Thursday, May 28, 2015

Christians, Social Media and the Loss of Grace

To begin, please take time to read this story from our Lord:

"Then Peter came to Jesus and asked, 'Lord, how many times shall I forgive my brother or sister who sins against me? Up to seven times?'

Jesus answered, 'I tell you, not seven times, but seventy-seven times.

'Therefore, the kingdom of heaven is like a king who wanted to settle accounts with his servants. As he began the settlement, a man who owed him ten thousand bags of gold was brought to him. Since he was not able to pay, the master ordered that he and his wife and his children and all that he had be sold to repay the debt. At this the servant fell on his knees before him. ‘Be patient with me,’ he begged, ‘and I will pay back everything.’ The servant’s master took pity on him, canceled the debt and let him go.
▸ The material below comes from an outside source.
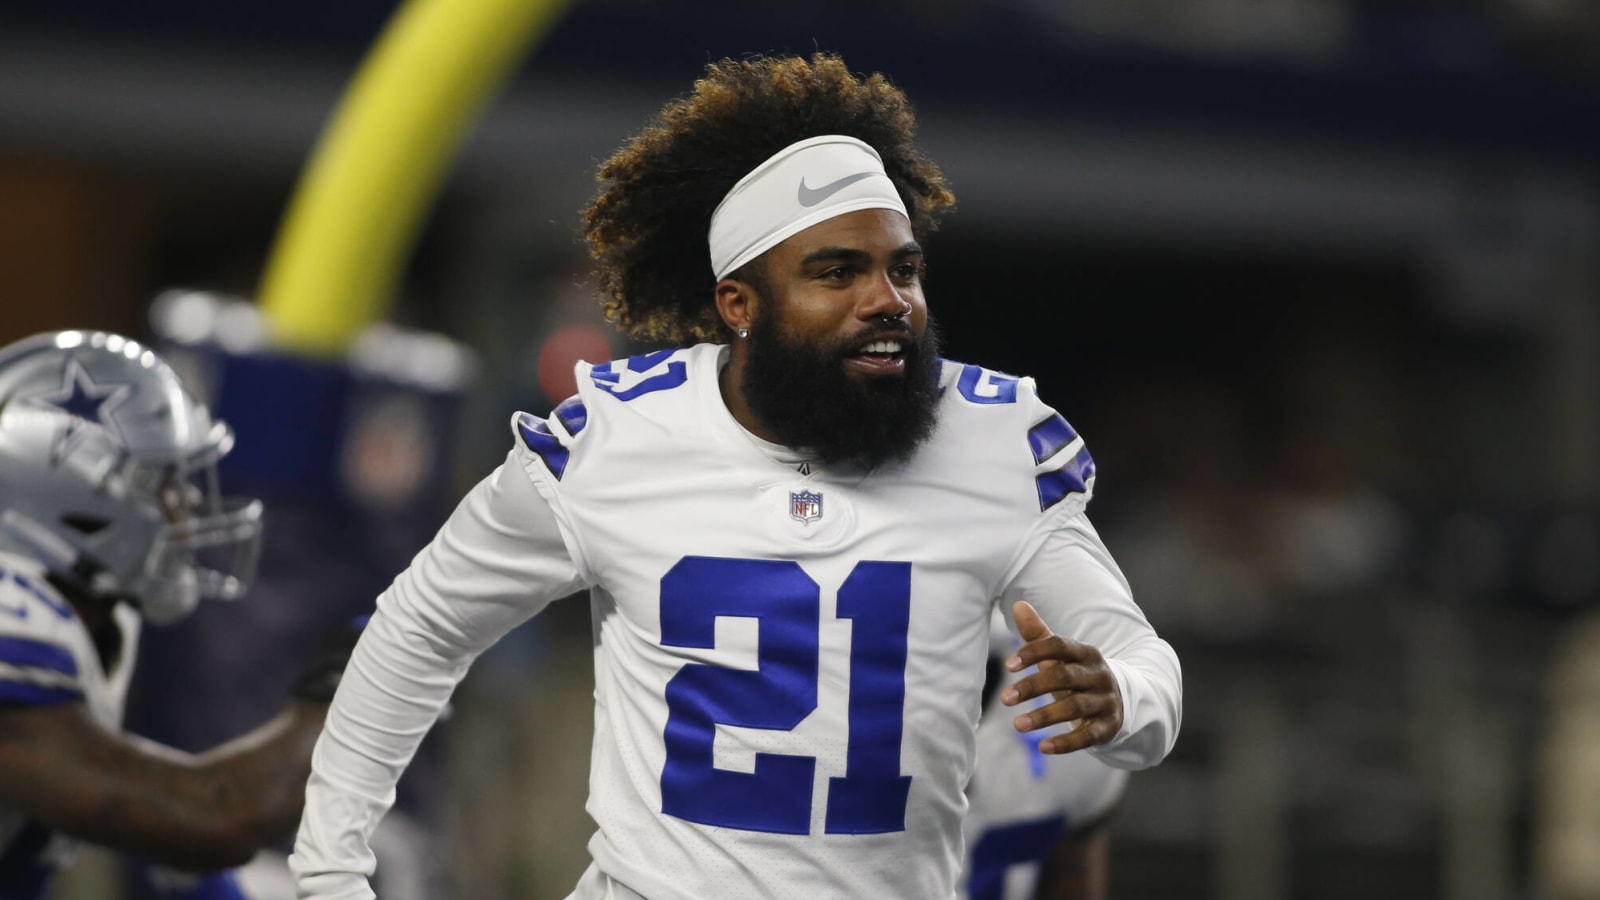 Jerry Jones: 'We go as Zeke goes.' But can Cowboys count on RB

'But when that servant went out, he found one of his fellow servants who owed him a hundred silver coins. He grabbed him and began to choke him. ‘Pay back what you owe me!’ he demanded. His fellow servant fell to his knees and begged him, ‘Be patient with me, and I will pay it back.’ But he refused. Instead, he went off and had the man thrown into prison until he could pay the debt. When the other servants saw what had happened, they were outraged and went and told their master everything that had happened.

'Then the master called the servant in. ‘You wicked servant,’ he said, ‘I canceled all that debt of yours because you begged me to. Shouldn’t you have had mercy on your fellow servant just as I had on you?’ In anger his master handed him over to the jailers to be tortured, until he should pay back all he owed.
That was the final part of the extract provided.